The push pin ( 36 ) has a thrust surface ( 37 ) comprehensive push bar ( 43 ), which is connected to a walkway ( 44 ) and on a curved headrail ( 45 ) is supported. The headboard ( 45 ) and the ground bridge ( 44 ) are at their the Schubsteg ( 43 ) facing away from each other. All three named bridges ( 43 - 45 ) have the same thickness in the embodiment. In the of the three mentioned bridges ( 43 - 45 ) formed intermediate space is a longitudinal web ( 46 ) arranged. The thickness of the longitudinal ridge ( 46 ) is, for example, 80% of the thickness of the remaining webs ( 43 - 45 ). He is in the embodiment on one side flush with the other webs ( 43 - 45 ). It is also conceivable to use the longitudinal web ( 46 ) thinner and / or this centered to the other webs ( 43 - 45 ). Also, an embodiment of the shear pin ( 36 ) without longitudinal ridge ( 46 ), without headrest ( 45 ) or without bottom bar ( 44 ) is conceivable. The pushing surface ( 37 ) of the push bar ( 43 ) is part of a boundary layer ( 51 ). The thickness of this boundary layer ( 51 ), in which the material is homogeneous, is at least 1.5 millimeters. In the exemplary embodiment, the entire entrainment element ( 31 ) made of a thermoplastic material, for. As polyoxymethylene (POM) produced. For example, this material has a hardness between 65 Shore D and 85 Shore D. Its elasticity modulus at room temperature is between 1500 Newton per square millimeter and 3000 Newton per square millimeter. The modulus of elasticity here refers to the so-called short-term elastic modulus, which is determined under load in a time interval of less than 10 minutes. The said elastic modulus is the compressive modulus at a compression between 0.5% and 1%, which in the said material z. B. 15% lower than the tensile elastic modulus at an elongation between 0.5% and 1%.
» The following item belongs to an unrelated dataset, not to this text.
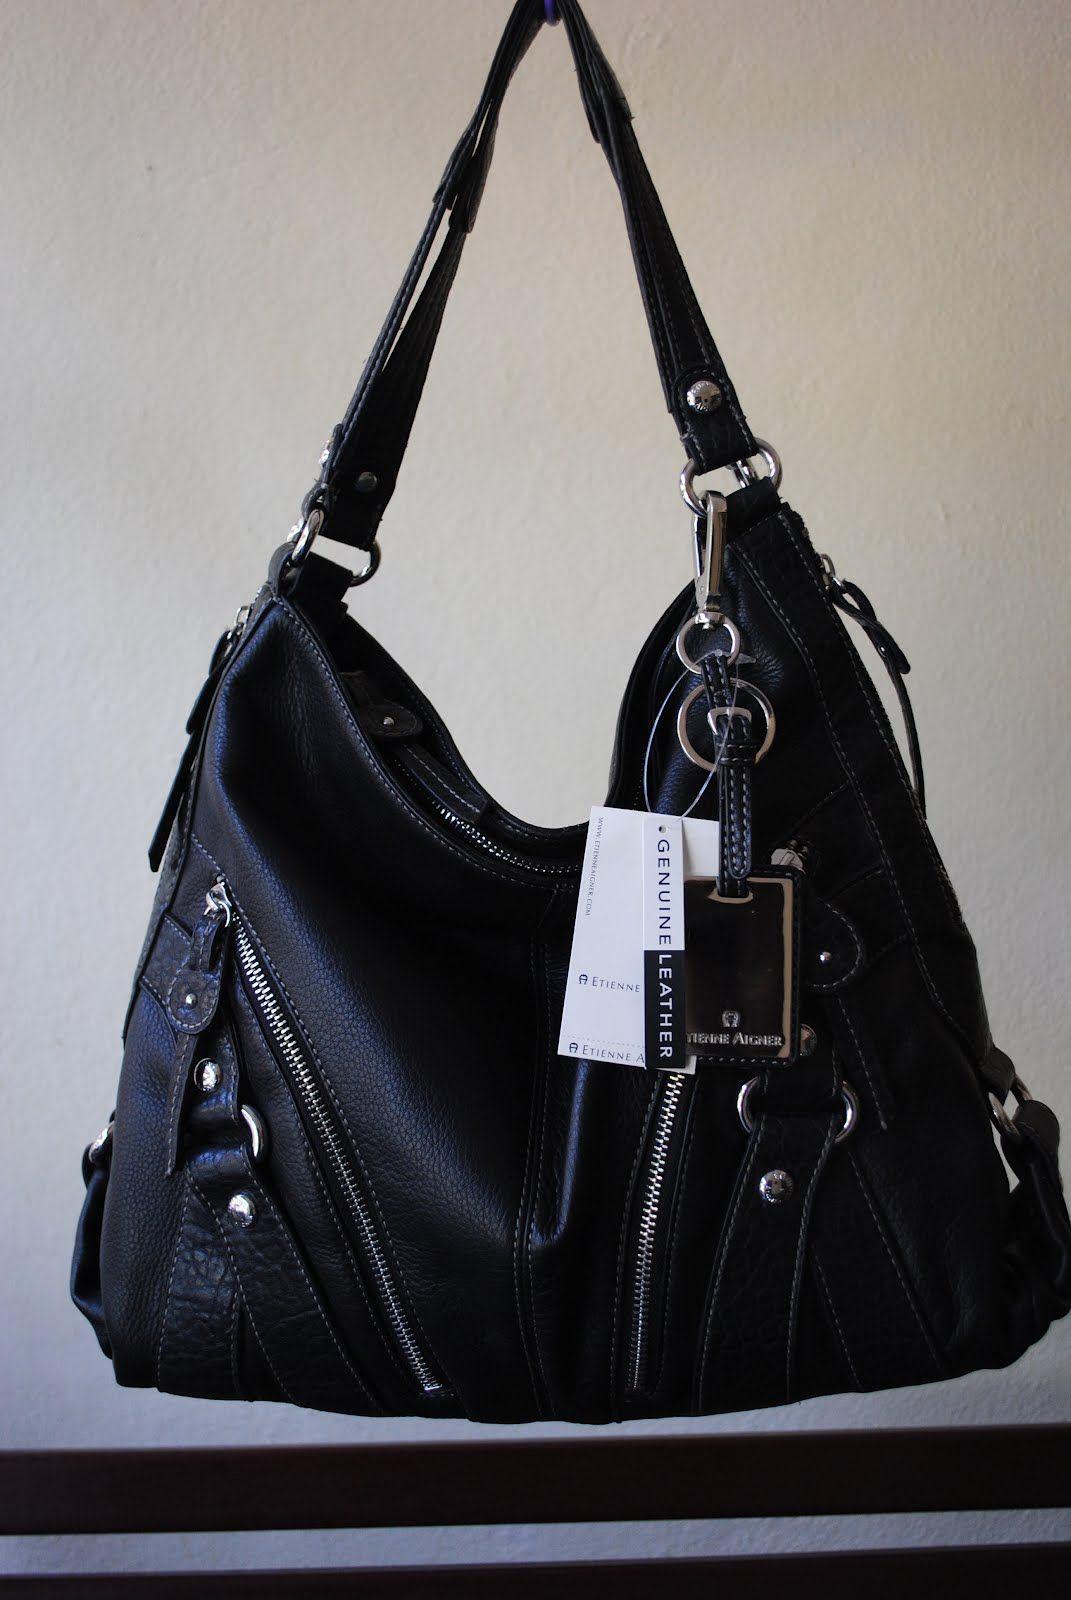 692af8fcf6 Etienne+Aigner+Handbags
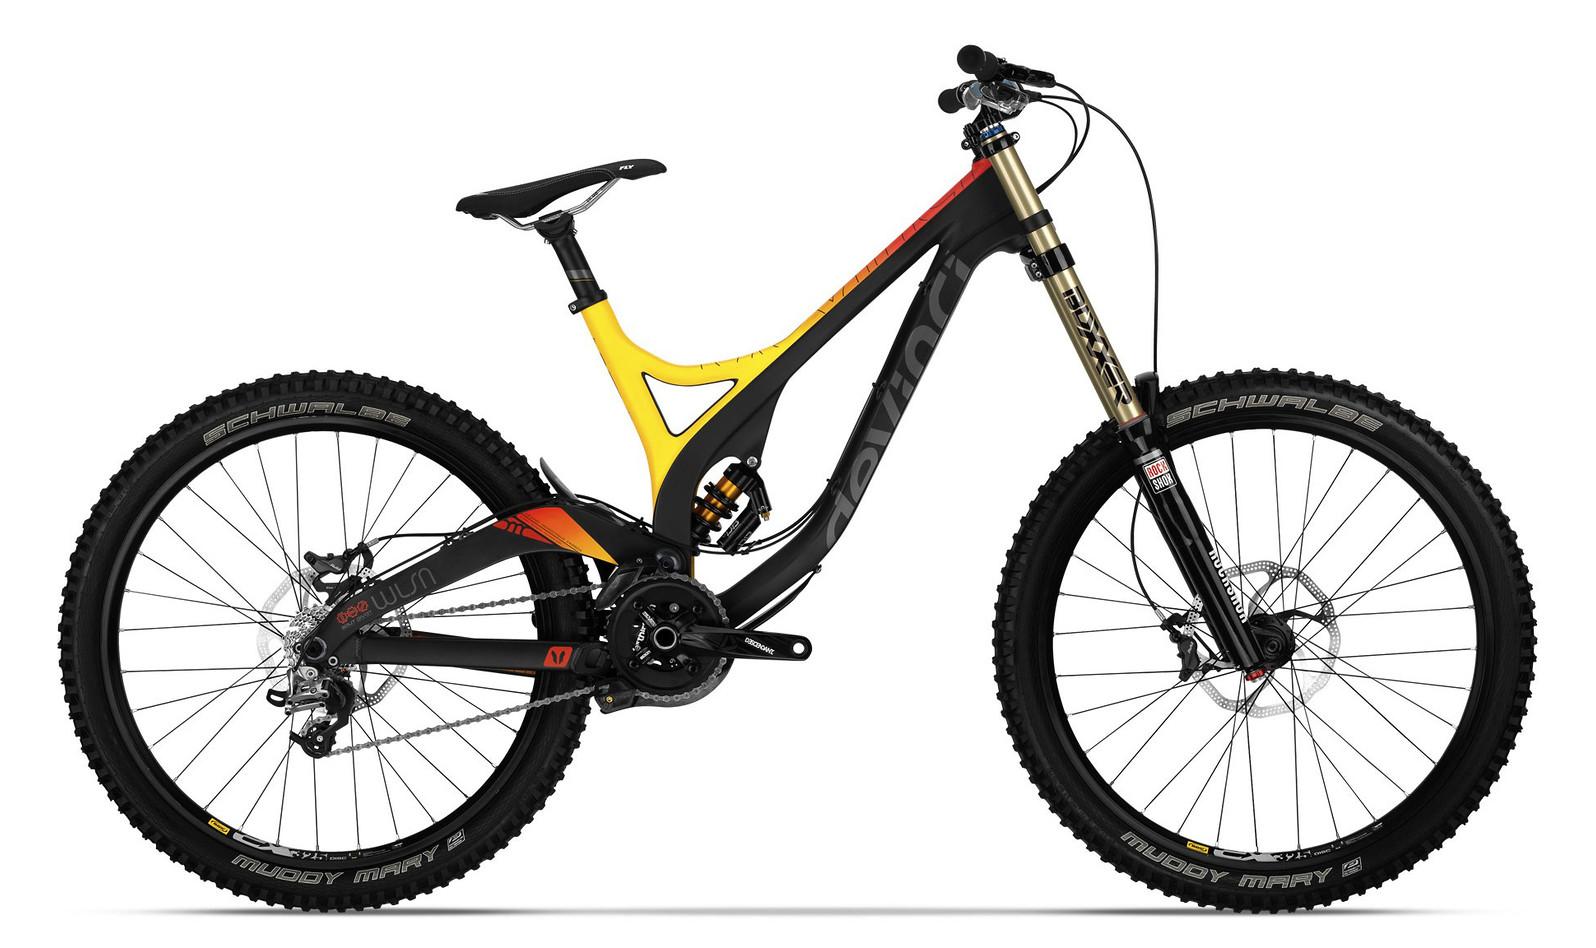 b4fc9f79695 2014 Devinci Wilson Carbon RC Bike - Reviews, Comparisons, Specs ...

It is also conceivable that the boundary layer ( 51 ) made of a material with a lower modulus of elasticity than the rest of the entrainment element ( 31 ). The boundary layer ( 51 ) may for example consist of an elastomeric material, which on the supporting body ( 47 ) of the entrainment element ( 31 ) is vulcanized. Such a material may, for. Example, nitrile-buatadiene rubber (NBR) whose elastic modulus under the above conditions between 4 Newton per square millimeter and 20 Newton per square millimeter.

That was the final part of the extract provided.